You need to cut the bad section out and send them off to a lab.

You also need to take some water samples to the lab as well.


----------



## NYC Plumber (May 4, 2011)

roving plumber said:


> I have worked on several systems from single family homes in N. Idaho to recently a hotel in N. Dakota where the copper piping was deteriorating. I have heard in the past it is a ph issue or that there is an imbalance of minerals in the water that leads to it attacking the copper. I have seen this on systems fed both with wells and on community water systems. Sometimes green streaks in fixtures are a sign but not always but most always pin hole leaks start showing up...any thoughts?..this may have been discussed before but I could not find a thread on it.


Never heard of that for aboveground.
I wouldn't drink any water that deteriorates copper that's for sure...


----------



## harry54 (May 13, 2011)

Copper deterioration could be coming from electrolysis also. Check to see if any grounds from the electric system are hooked to a pipe anywhere


----------



## shakeyglenn68 (Dec 29, 2010)

roving plumber said:


> the copper piping was deteriorating.


Oklahoma gets it a lot on wells. Above ground and below. Here its the hard water attacks the pipes. The PH and minuet particles in the water (not caught by filters) that are abrasive to the lines. Had to cut out 10 feet of piping once till I could find a suitable section on just a pin hole.


----------



## Protech (Sep 22, 2008)

Impingement is only and issue if the pipes are undersized. Are you sure it's an erosion-corrosion issue and not low PH?



shakeyglenn68 said:


> Oklahoma gets it a lot on wells. Above ground and below. Here its the hard water attacks the pipes. The PH and minuet particles in the water (not caught by filters) that are abrasive to the lines. Had to cut out 10 feet of piping once till I could find a suitable section on just a pin hole.


----------



## ap plumbing (Nov 9, 2010)

Protech said:


> Impingement is only and issue if the pipes are undersized. Are you sure it's an erosion-corrosion issue and not low PH?


 a pro tech who did ur website looks good ? do you come out on the organic section on google because of the city domain names for example bartow plumber


----------



## shakeyglenn68 (Dec 29, 2010)

Protech said:


> Impingement is only and issue if the pipes are undersized. Are you sure it's an erosion-corrosion issue and not low PH?


The PH was fixed by a Water softener company They installed a softener at the well head. The owner had the whole home re-piped twice before they called our company to do the repair.


----------



## Protech (Sep 22, 2008)

ap plumbing said:


> a pro tech who did ur website looks good ? do you come out on the organic section on google because of the city domain names for example bartow plumber


if you can't articulate a sentence on a discussion board, you would do well to leave the s e o to the web guy.


----------



## Protech (Sep 22, 2008)

shakeyglenn68 said:


> The PH was fixed by a Water softener company They installed a softener at the well head. The owner had the whole home re-piped twice before they called our company to do the repair.
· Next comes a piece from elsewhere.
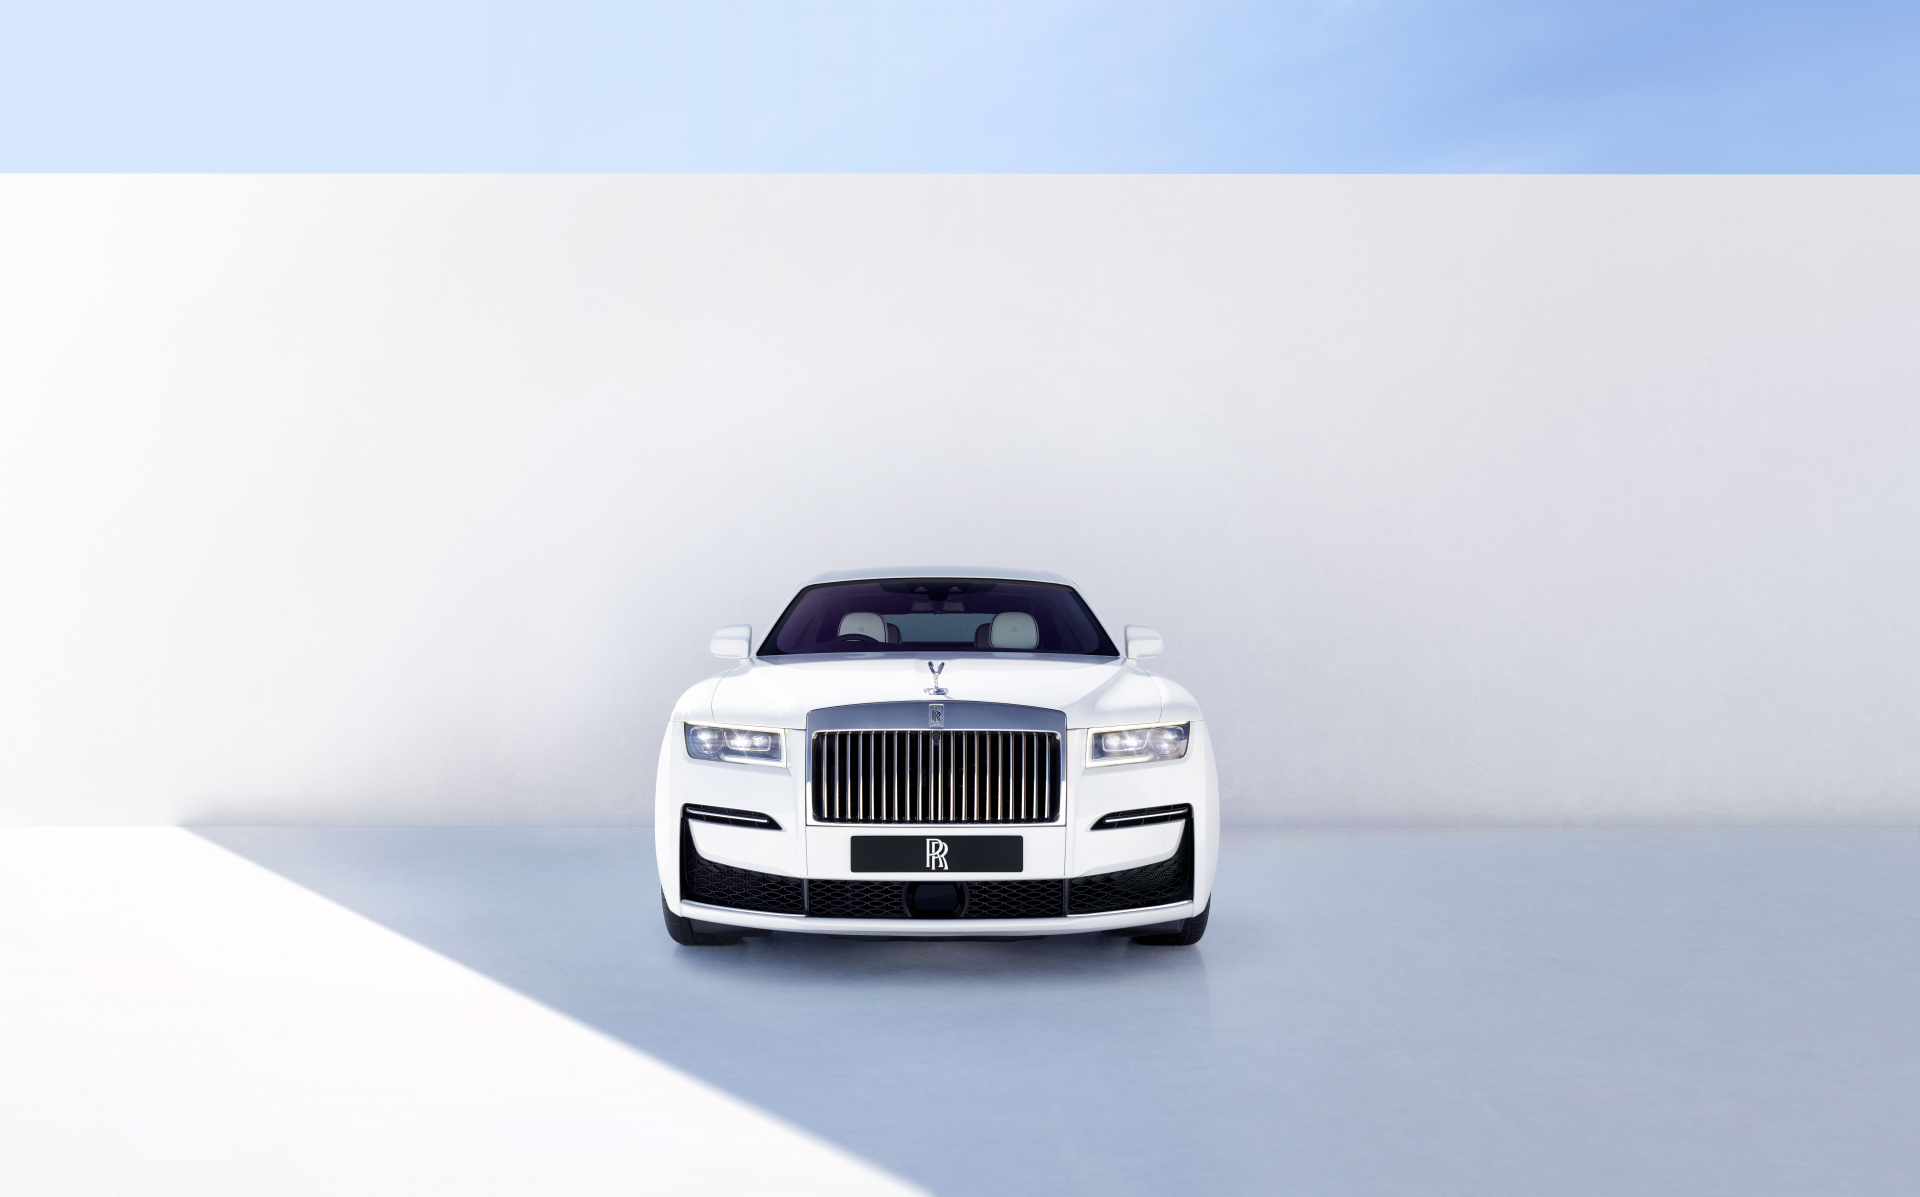 Yeni Nesil Ghost ile Rolls Royce Ne Hedefledi?

softeners do not fix ph problems. even if we assume that an acid neutralizer was in fashion installed, how do we know that it was properly maintained?


----------



## ap plumbing (Nov 9, 2010)

Protech said:


> if you can't articulate a sentence on a discussion board, you would do well to leave the s e o to the web guy.


 so I guess thats what you did


----------



## U666A (Dec 11, 2010)

NYC Plumber said:


> Never heard of that for aboveground.
> I wouldn't drink any water that deteriorates copper that's for sure...


Reverse Osmosis water will rapidly deteriorate copper piping.


----------



## Redwood (Sep 8, 2008)

NYC Plumber said:


> I wouldn't drink any water that deteriorates copper that's for sure...


Many wells have PH problems....

A Neutral PH is 7.0 and you don't have to drop it very far towards the acidic side to have real problems with copper pipes.

A 6.8 ph is where the problems with copper start and if it is down about 6.4 - 6.5 ph you are really sure to see corrosion....

On the other side going toward the alkaline side there is much more lenience with problems starting at about 9.0 ph....

And yes, if you were on a well system without municipal water supply near your home you would be drinking the water....


----------



## shakeyglenn68 (Dec 29, 2010)

Protech said:


> softeners do not fix ph problems. even if we assume that an acid neutralizer was in fashion installed, how do we know that it was properly maintained?


We don't know on both, HO was elderly on a fixed income so we can figure at best she let some salesman yap her ear off to spend mega bucks to fix something the wrong way. We went in to fix the bad pipe nothing more. Even having a BOSS that will finance the assistance to pay the bill due to him, and a 25% off for senior citizens didn't stop the HO's from saying "Keep the bill small!"


----------



## AKdaplumba (Jan 12, 2010)

enjoy the job security:thumbsup:


----------